Por fim, arremata Alcino, fazendo referência ao programa Forró no Asfalto (sucesso também na Rádio Aperipê), “Ali a nossa deusa do forró canta e propaga a cantiga de sua terra de adoção e coração, a terra sergipana e nordestina. Tudo que se fizer por essa invulgar artista ainda é pouco. Clemilda é patrimônio cultural de Sergipe. Deus lhe abençoe, minha querida heroína e amiga. Deusa e rainha do forró!”.
Tais palavras resumiriam tudo, mas Clemilda merece mais. Inegável que o sucesso alcançado foi também fruto de sua obstinação. Poucas artistas nordestinas conseguiram levar o forró aos grandes espaços radiofônicos e televisivos como ela o fez, pois se tornou presença constante em programas como Cassino do Chacrinha, Clube do Bolinha e Faustão, dentre outros. Sua discografia é vasta, incluindo desde os primeiros discos gravados com Gerson Filho (É pra valer e Forró sem Briga), aos lançados como artista principal a partir de 1967 (Gerson Filho apresenta Clemilda, Fazenda Taquari, Morena Dos Olhos Pretos, Seca Desalmada, Guerreiro Alagoano, Coqueiro da Bahia, Prenda o Tadeu e Forró Bom Demais, só para citar alguns).
De voz aguda, porém delicada, impondo a cada canção um acorde melodioso dos mais afinados, Clemilda foi além da mera interpretação para também se firmar como compositora famosa, de grande sucesso, mas geralmente em parceria com outros compositores nordestinos. Ao lado do artista, tecia a letra, remendava, modificava, e tudo para ficar em conformidade com sua voz. Daí que gostava de pincelar as letras já prontas, fazendo os arranjos necessários para o alcance da melodia desejada.
E foi nesse acuido que a grande artista foi se firmando no meio forrozeiro até alcançar a fama tão difícil e até impensável para uma mulher já de longa estrada musical. Contudo, se por um lado a genialidade artística de Clemilda pode ser mais observada na sua fase de melodias tipicamente nordestinas, por vezes de plangência romântica, seu sucesso maior ocorreu exatamente quando passou a apimentar as letras de suas canções.

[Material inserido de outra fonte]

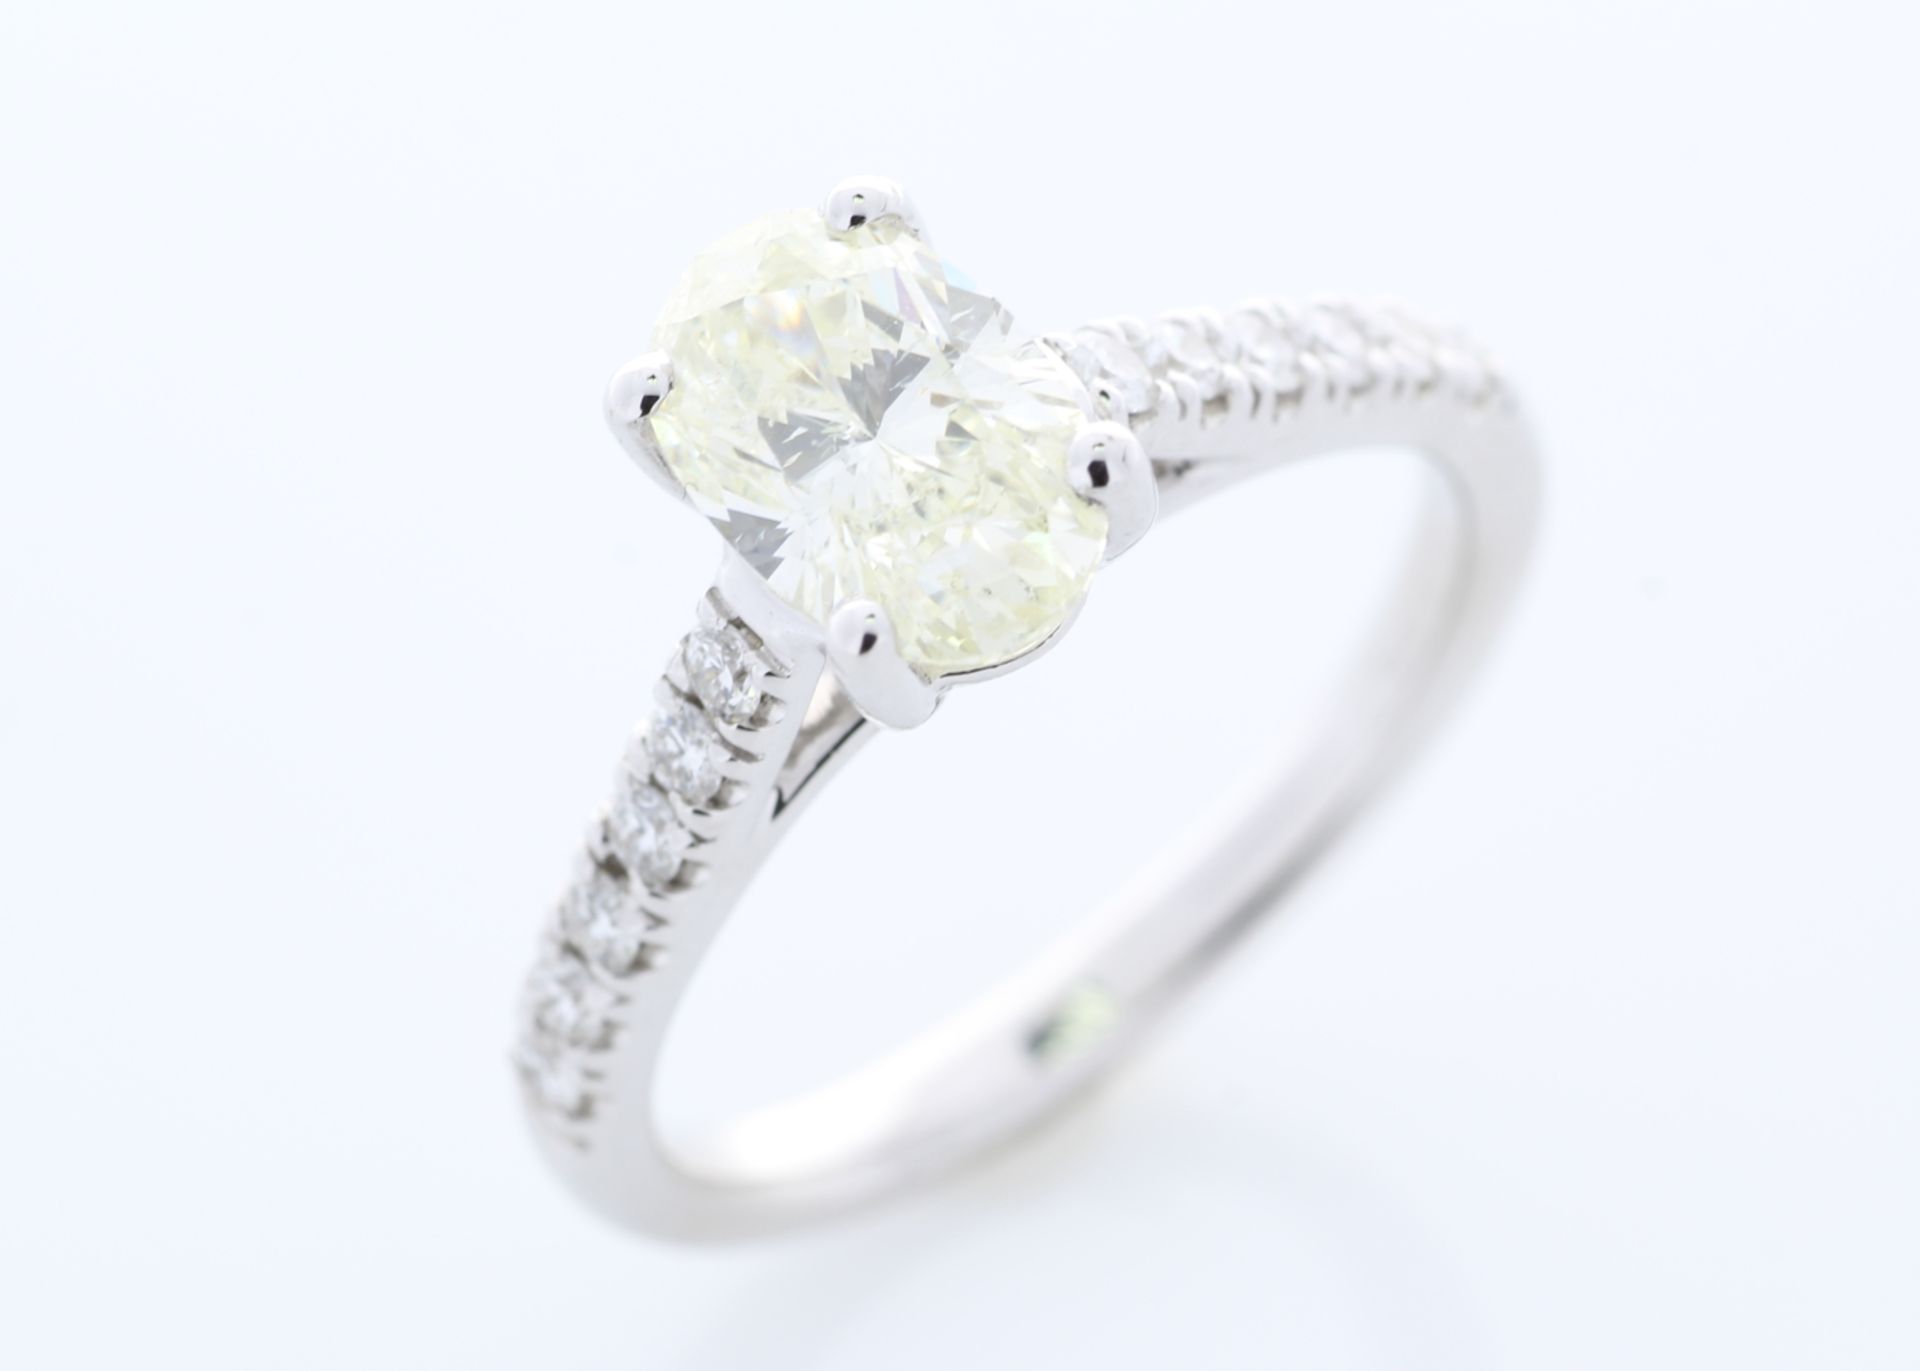 18ct White Gold Single Stone Oval Cut With Stone Set Shoulder Diamond Ring (1.17) 1.39 - Image 5 of 6

Quando a música Prenda o Tadeu foi lançada em 1985, logo se tornou em estrondoso sucesso. A partir daí emprestou duplo sentido a outras canções, como Forró Cheiroso (Talco no Salão). Os dois Discos de Ouro, e também de Platina, vieram dessa época.
Ainda que o sucesso absoluto somente chegasse com maior força na fase do duplo sentido, ainda assim estava na artista a destreza pela aceitação popular. Eis que não apenas com letra apelativa, mas tendo por fundo a genial interpretação, e assim porque Clemilda, com seu gingado e seu rebolado caipira, sempre foi uma atração à parte. Por isso tanto e duradouro sucesso. E assim sempre será pela eterna gratidão que lhe guarda o povo nordestino, principalmente sergipano, por ter a honra e glória de acolher tão bela flor agrestina.